# A good upgrade from the D60?



## [Dillz] (Mar 13, 2012)

Hello!

So im at the pont where my D60 isn't enough and its time to upgrade. The main reason is because i lose most detail in my images. like if you look at the eyes ect.
as of now nikon has released  good number of new cams even those V1 cams. btw are those even an option? 

So  basically i dont have a whole bunch of money to spend on a cam but i want to get an upgrade that will last. My D60 has lasted me since the 2009.


----------



## Destin (Mar 13, 2012)

What's your budget? The best option for not a ton of money is a D7000 but it's $1200.. Which may be out of your budget. Below that you have the D5100 which is also a pretty good option. 

I wouldn't get one of the v1 cams, there are better cameras of that style from other manufacturers. But non offer the level of control that a good dslr can provide.


----------



## PapaMatt (Mar 13, 2012)

Maybe just a good lens might work. Tripod etc. How much money do you plan on spending?

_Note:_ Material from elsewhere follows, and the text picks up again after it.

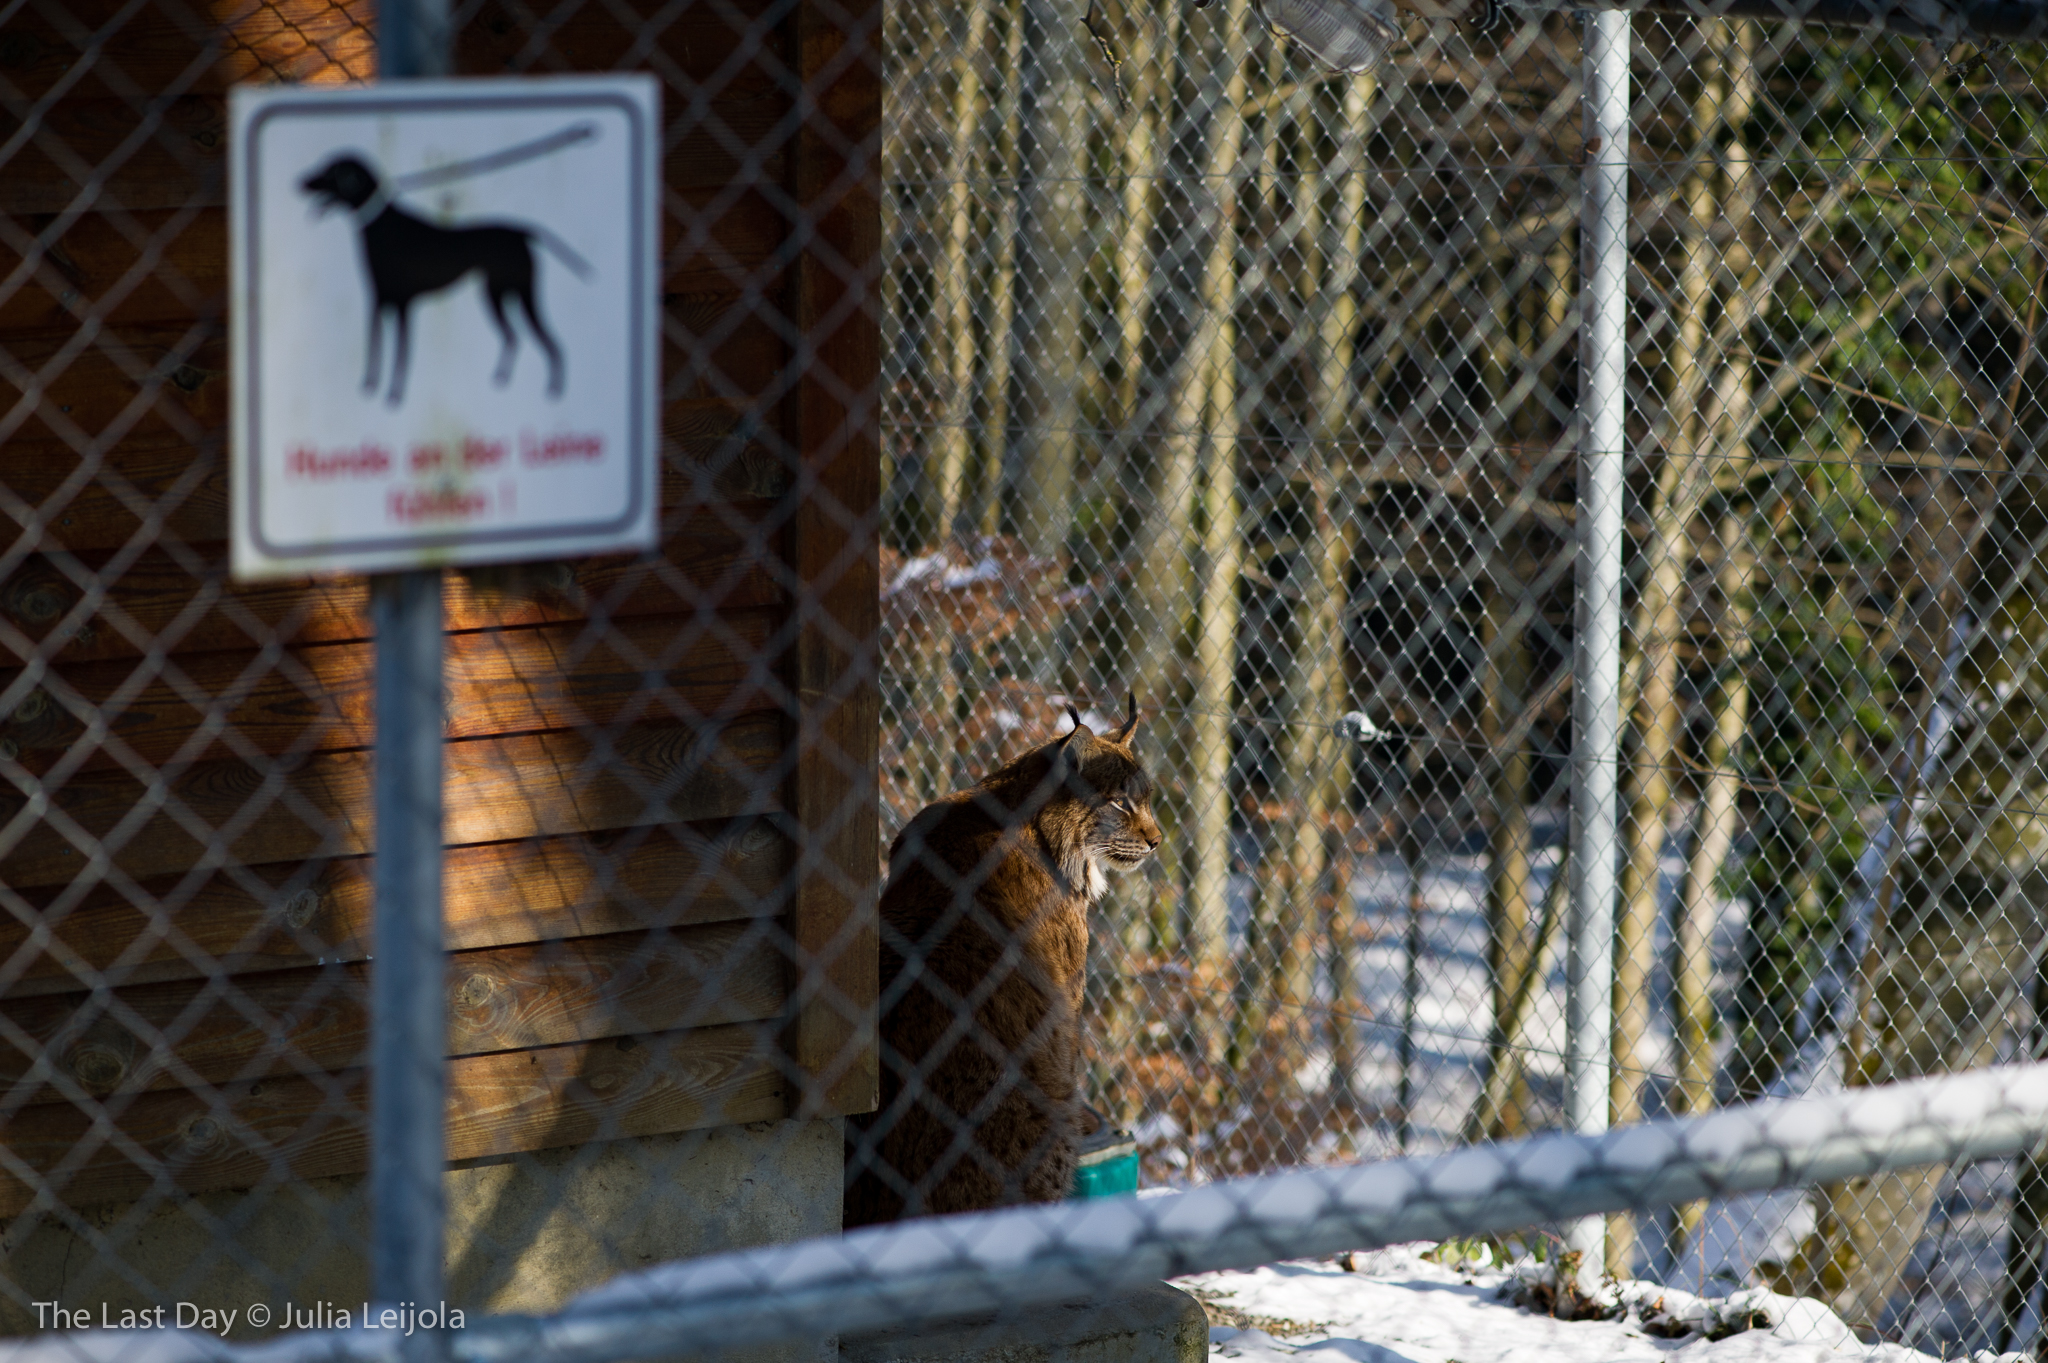 A lynx lynx is sat in a big cage - in the foreground, out of focus, hangs a 'keep your dog on the lead' sign.
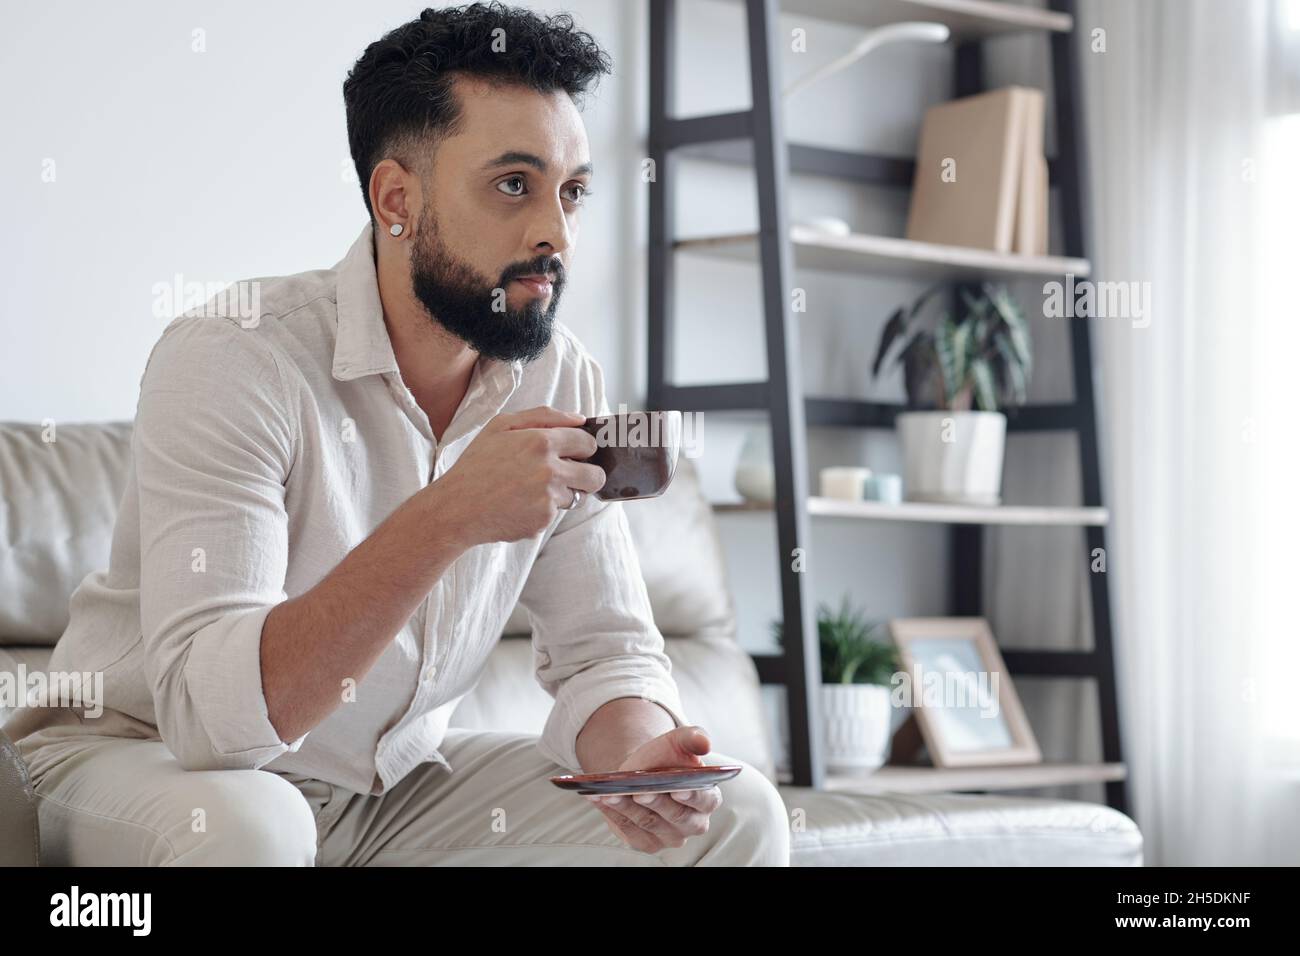 Male hipster using smartphone in concrete basement · Free Stock Photo

What lens do you have now?

D80, D200 D 90 D300, you can go up and up?


----------



## [Dillz] (Mar 13, 2012)

i can spend about  1500 and i want a cam that has a motor to autofocus any lens because that would really help at events and rock shows.


----------



## PapaMatt (Mar 13, 2012)

[Dillz];2533936 said:
			
		

> i can spend about  1500 and i want a cam that has a motor to autofocus any lens because that would really help at events and rock shows.



What about the lens?

Why not go to a camera store and see what feels right in your hands and what you need.


----------



## Bossy (Mar 13, 2012)

I'd upgrade to a D7000. Thats what I did, anyway, I had a D60 and outgrew the ISO capabilities, and the D7000 blows it out of the water.​


----------



## Trever1t (Mar 13, 2012)

I went from D60 to the D300s and loved it. The D300s is the cream of the FX bodies (D7000 is also a great body ) with Magnesium alloy body and video capability it can be had used but in very clean condition for less than your budget. It has the motor to drive the D lenses. 

I'd have to say that slapping good glass on the D60 isn't going to be as effective as upgrading the body in this instance. While the D60 was a really good deal when in it's prime it has long been bested by newer technology.


EDIT: Oops, I did mean DX OH!:


----------



## FocusDave (Mar 13, 2012)

^^ I think you meant DX bodies, but I get what you mean.

If you need the rugged durability of a professional-type camera and can find one in your budget, go for the D300s; you won't be disappointed. Otherwise, the D5100 and D7000 are your best bet. I would personally suggest the D7000, but that's because I like having all the controls at my fingertips, as opposed to having to go through the on-screen menu for a lot of things. The D5100 has the same sensor as the D7000 and has great high ISO capabilities, while being noticeably smaller and lighter (if that's your thing).


----------



## DorkSterr (Mar 13, 2012)

For $200 I'm sure you can get a D700 used for $1700. I've seen plenty over here in Canada at my local camera store.


----------



## SCraig (Mar 13, 2012)

Anything from the D5100 up would be a decent upgrade.  The higher you go the better the upgrade the higher the cost.  Anything less than a D5100 would be a lateral move in my opinion.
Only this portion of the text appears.